§ What is needed
Write out every line of the material as it stands, apart from the pictures.

§ Source data
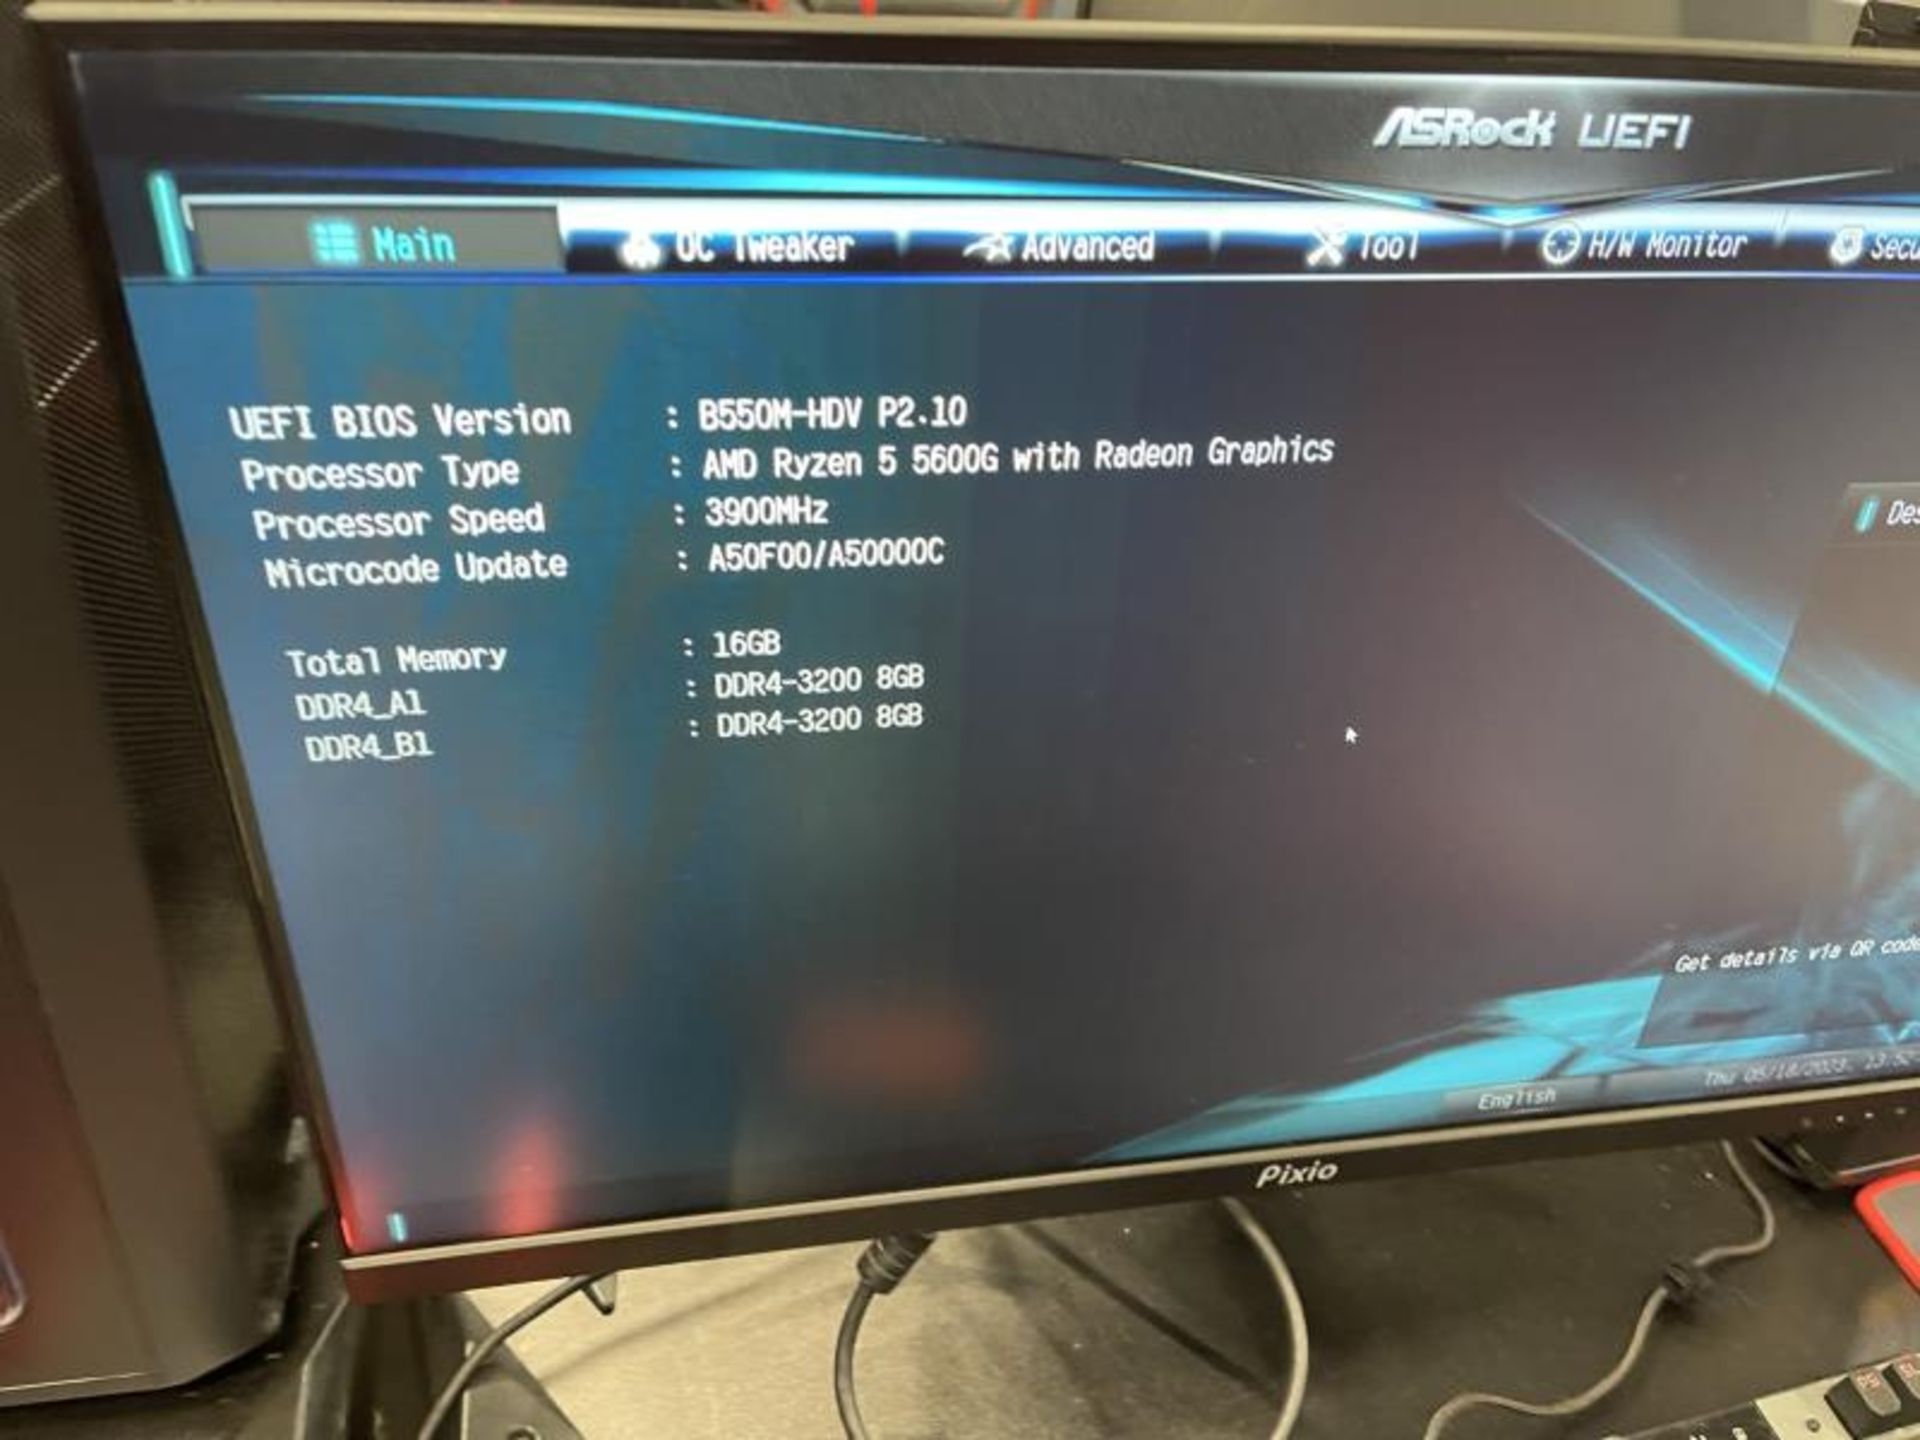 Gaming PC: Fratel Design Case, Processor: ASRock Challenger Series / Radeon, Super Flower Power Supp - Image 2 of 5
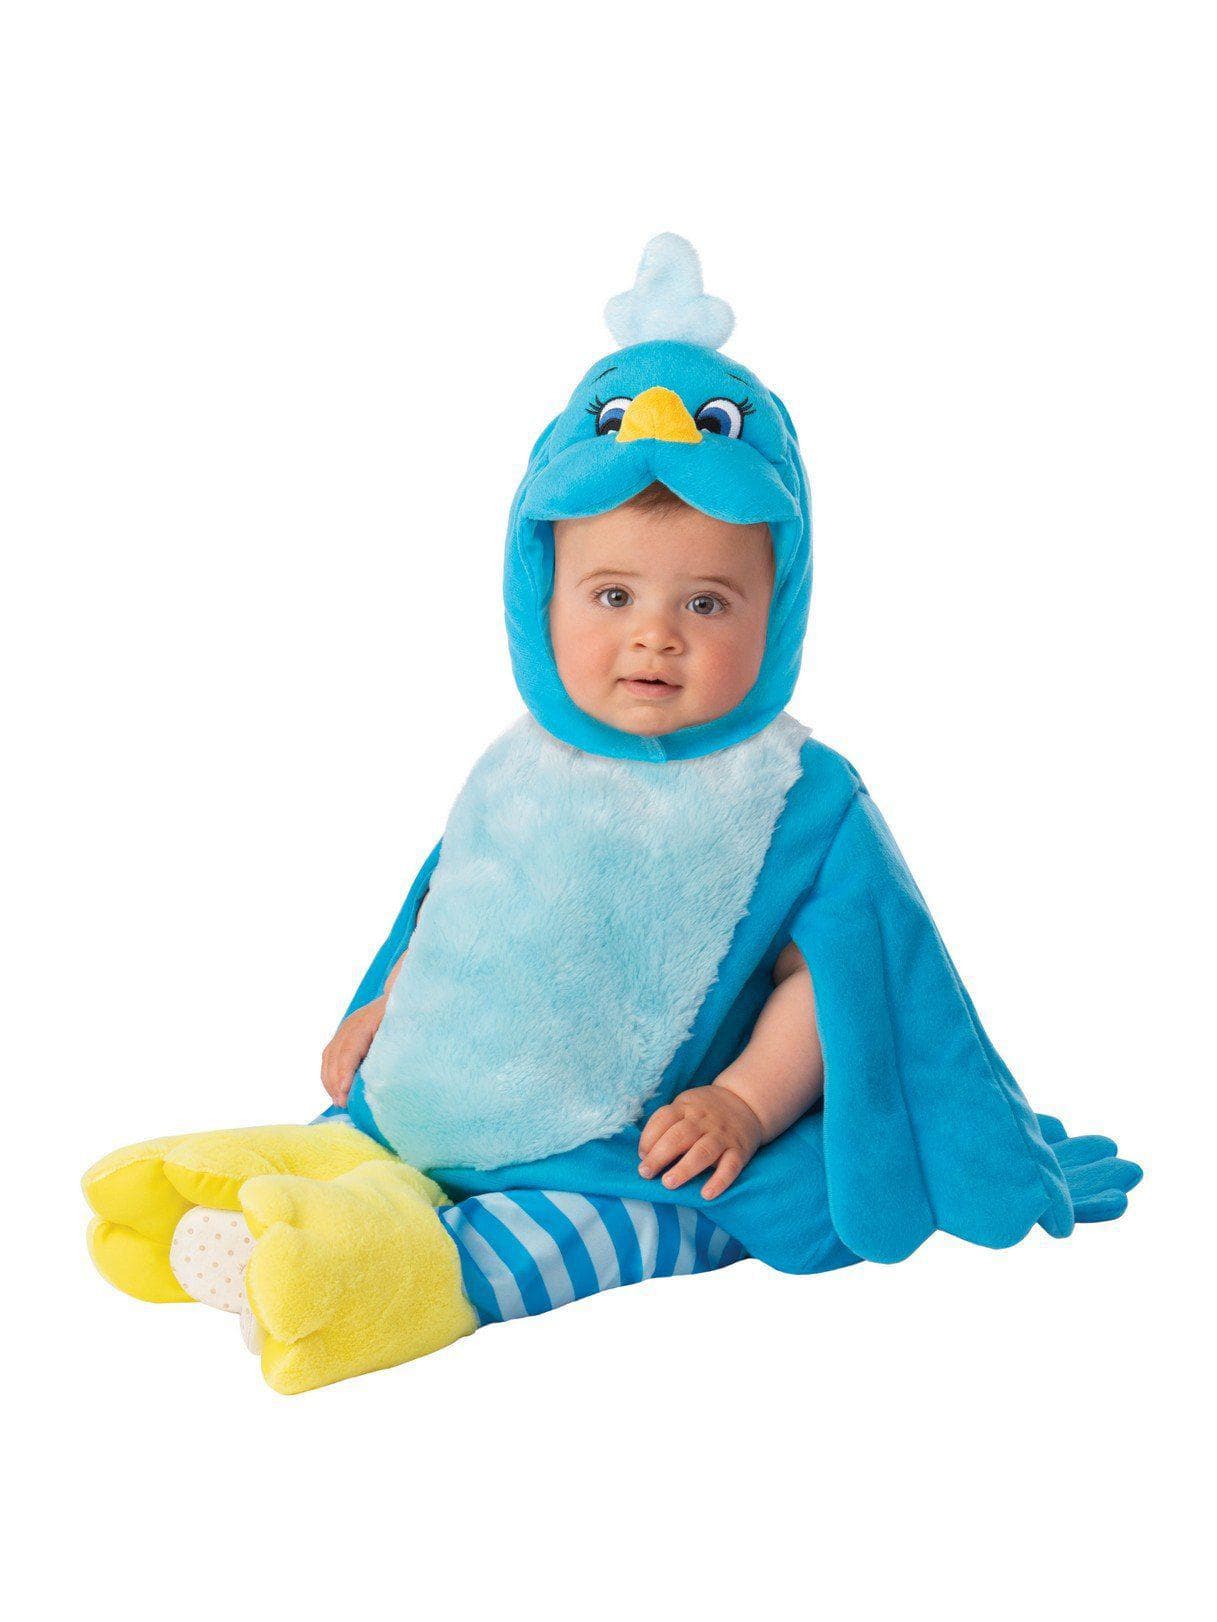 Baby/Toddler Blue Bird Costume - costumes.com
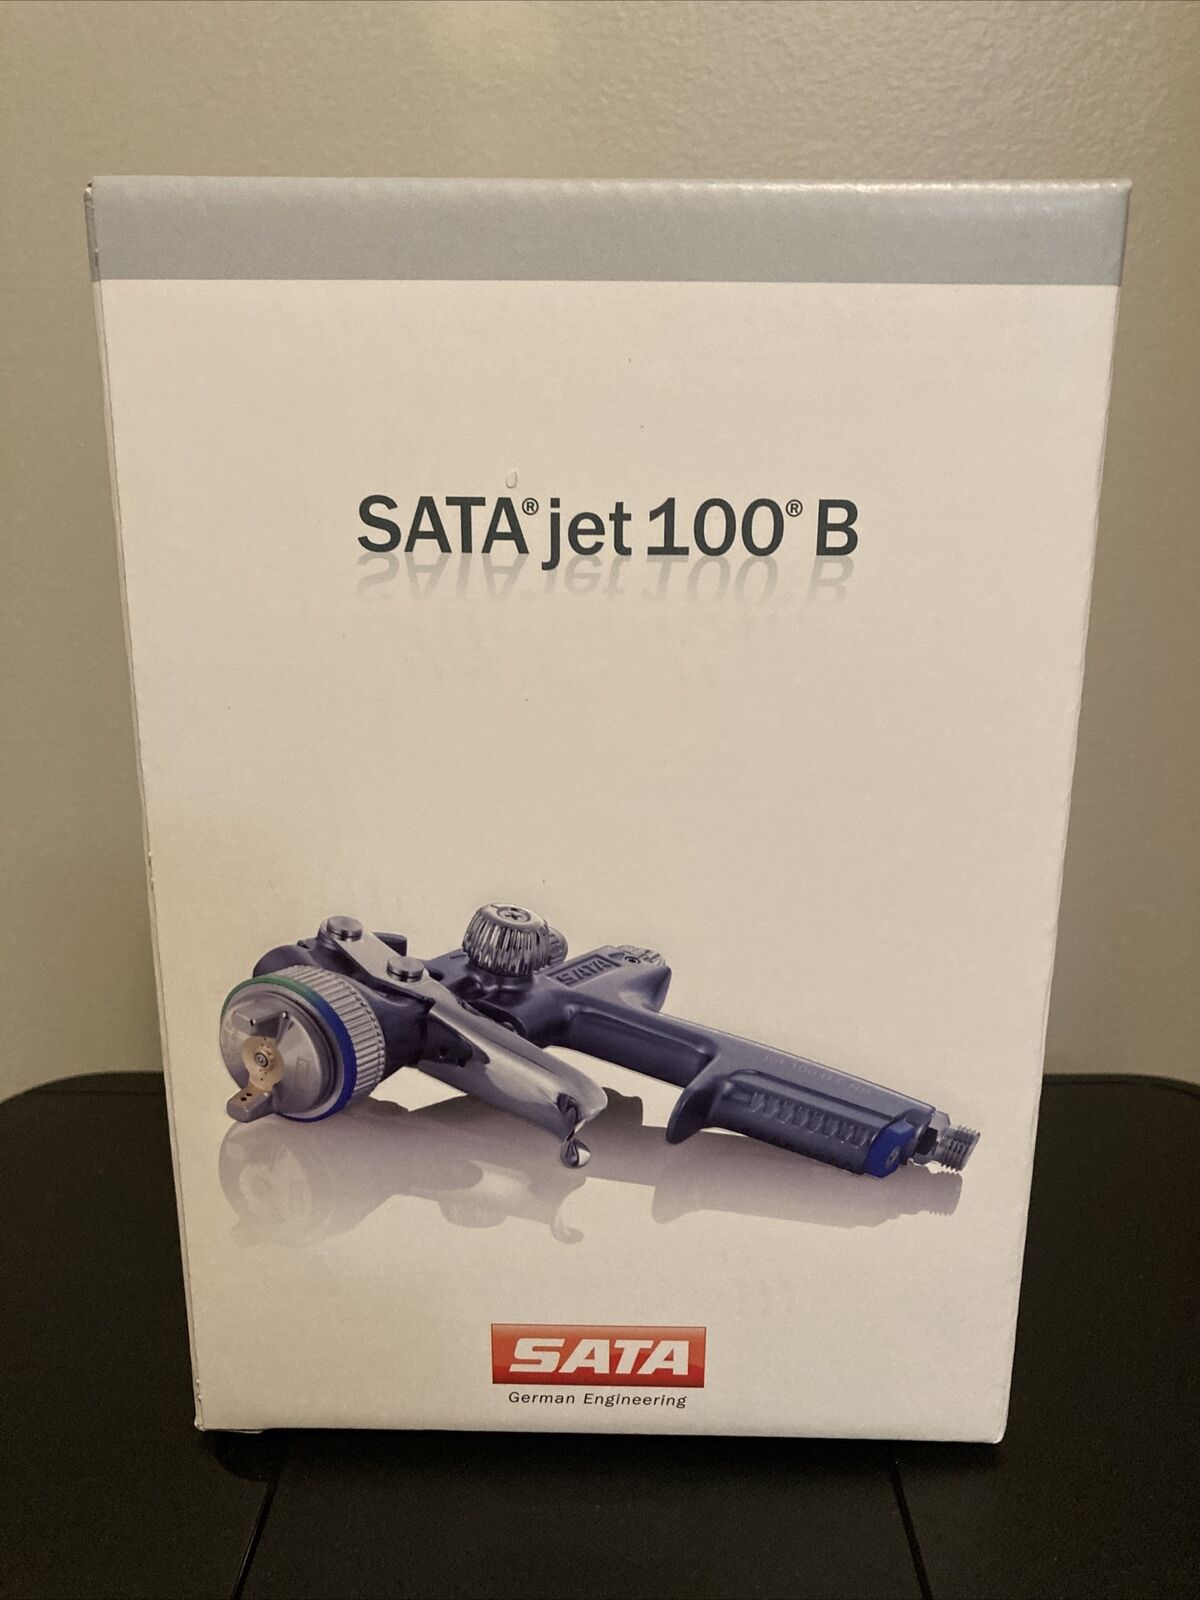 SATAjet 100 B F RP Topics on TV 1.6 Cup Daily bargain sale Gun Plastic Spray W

§ Exercise output
 Gaming PC: Fratel Design Case, Processor: ASRock Challenger Series / Radeon, Super Flower Power Supp - Image 2 of 5
 Baby/Toddler Blue Bird Costume - costumes.com
 SATAjet 100 B F RP Topics on TV 1.6 Cup Daily bargain sale Gun Plastic Spray W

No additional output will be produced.